The reason, he said, was that once EMA moves to another place, "many headquarters or representatives of global pharma industry and all sorts of consulting agencies and offices will follow."
The EMA is an agency which employs many more staff – 890 compared to the EBA's 189 – and has more visitors: whoever gets to host the EMA will see some 30,000 hotel nights booked a year, compared to under 9,000 for the EBA.
But that is not what ministers have been willing to admit publicly.

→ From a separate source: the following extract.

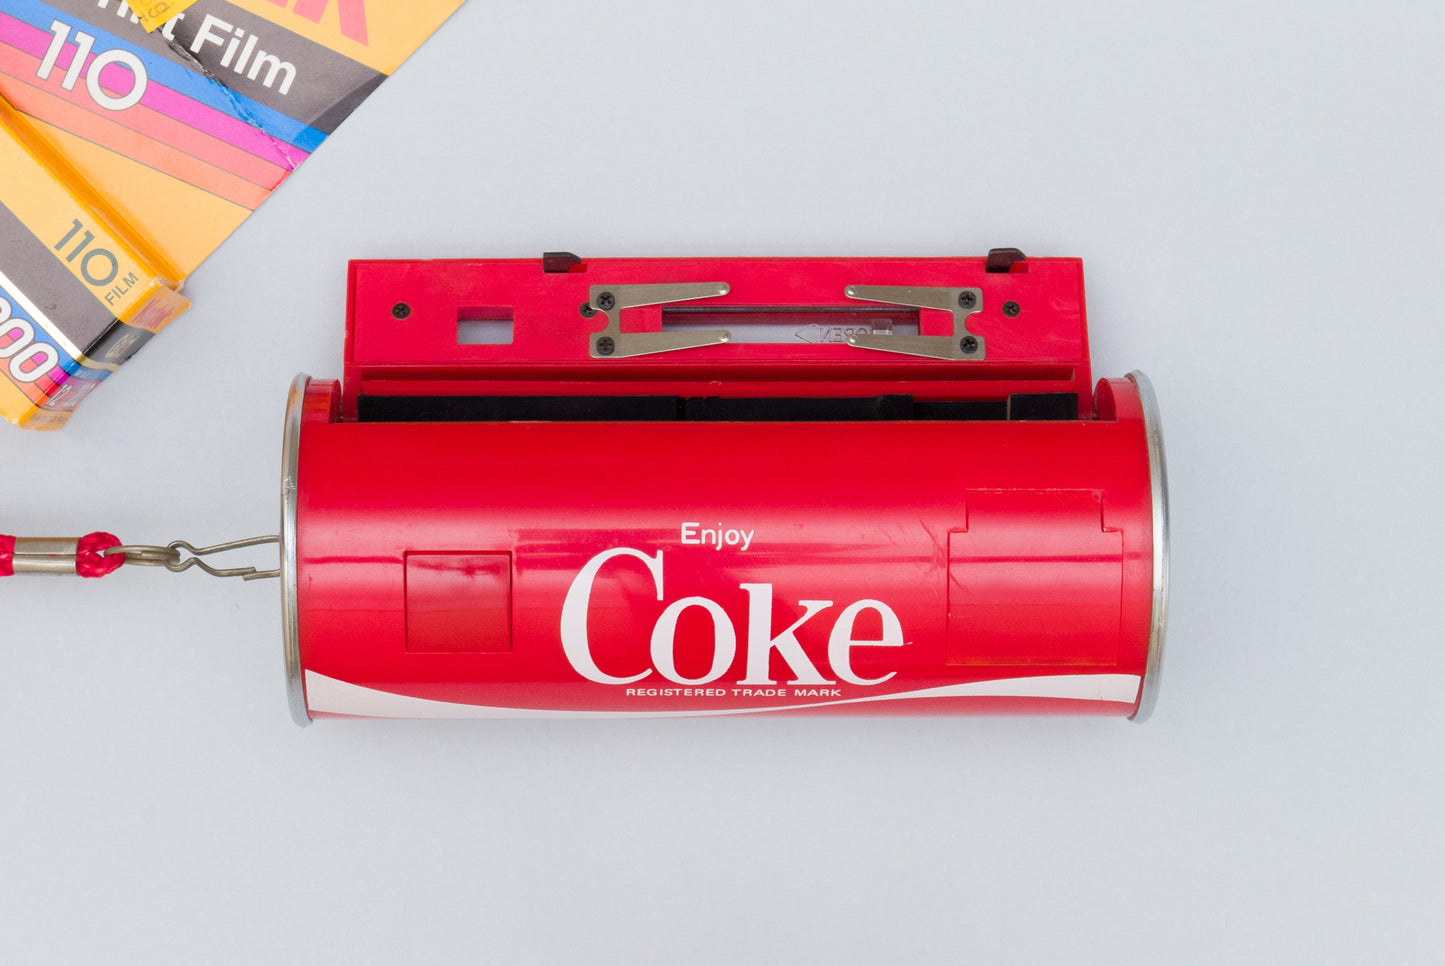 Coca-Cola Coke Can Promo 110 Film Camera

This website has asked many of them who came to promote their bid to host the EMA over the past weeks why their country had not opted to host EBA instead, or as well.
Instead of saying that the EMA simply brings the most benefits, ministers went to great lengths to explain that their countries had the unique characteristics that made it perfect for the EMA.
Solid arguments?
Dutch health minister Edith Schippers answered the Netherlands had "the best location for EMA."
"We have a very good Dutch regulator agency. We have a lot of expertise. … We already have quite a big capacity in our regulatory agency," she said.
But did that then mean that the Dutch were less strong on banking?
"Of course, it's not one or the other, but we chose to make a bid for EMA," Schippers only said.
"Around the grand area of Porto we have a concentration of many startups and enterprises that deal with the health cluster," Portugal's state secretary EU affairs Ana Paula Zacarias said.
So, that means that Portugal's health sector stronger than its banking sector?
"Not exactly. I think our bank sector is doing well. But I believe that in political terms this would be an interesting candidature for us and where we have a good opportunity," said Zacarias.
In it to win it
Slovak telecoms and transport deputy minister Viktor Stromcek was more willing to admit that cities other than his own Bratislava had a more vibrant financial sector.
"We are absolutely sure the other cities are in a better position when we are talking about the banking agency, and it's totally different situation when we are talking about medical agency," he said.
Greek alternate foreign minister George Katrougalos gave a similar explanation, noting that although Greece is "trying now to reinvigorate" the banking sector, it was pretty clear that Greece is not among the top EU countries.
Victor Negrescu, Romanian deputy minister for European affairs, said his country did not want to submit a bid to host the EBA "only for the sake of running".
"Our government has decided to run to host the European medicines agency because this is the field in which we have an expertise. We have a history, we have a tradition … we have even members of the European Parliament that are doctors that have a clue about it," he said.
Italian state secretary for EU affairs, Sandro Gozi, also said that you don't "have to compete for everything".
"Obviously we wanted to focus all our energy and all our attention, and also the taxpayer money on something on which we think we have something special to offer," he said.
Diplomacy
Several of these ministers mentioned Frankfurt, the seat of the European Central Bank, as a logical new home for EBA.
Michael Horn, spokesman for the state of Hessen, where Frankfurt is situated, told EUobserver why his state and country were not hosting promotional events in Brussels.
Instead, they were focussing their efforts on discrete diplomacy.
"We talk to those people who decide," he said.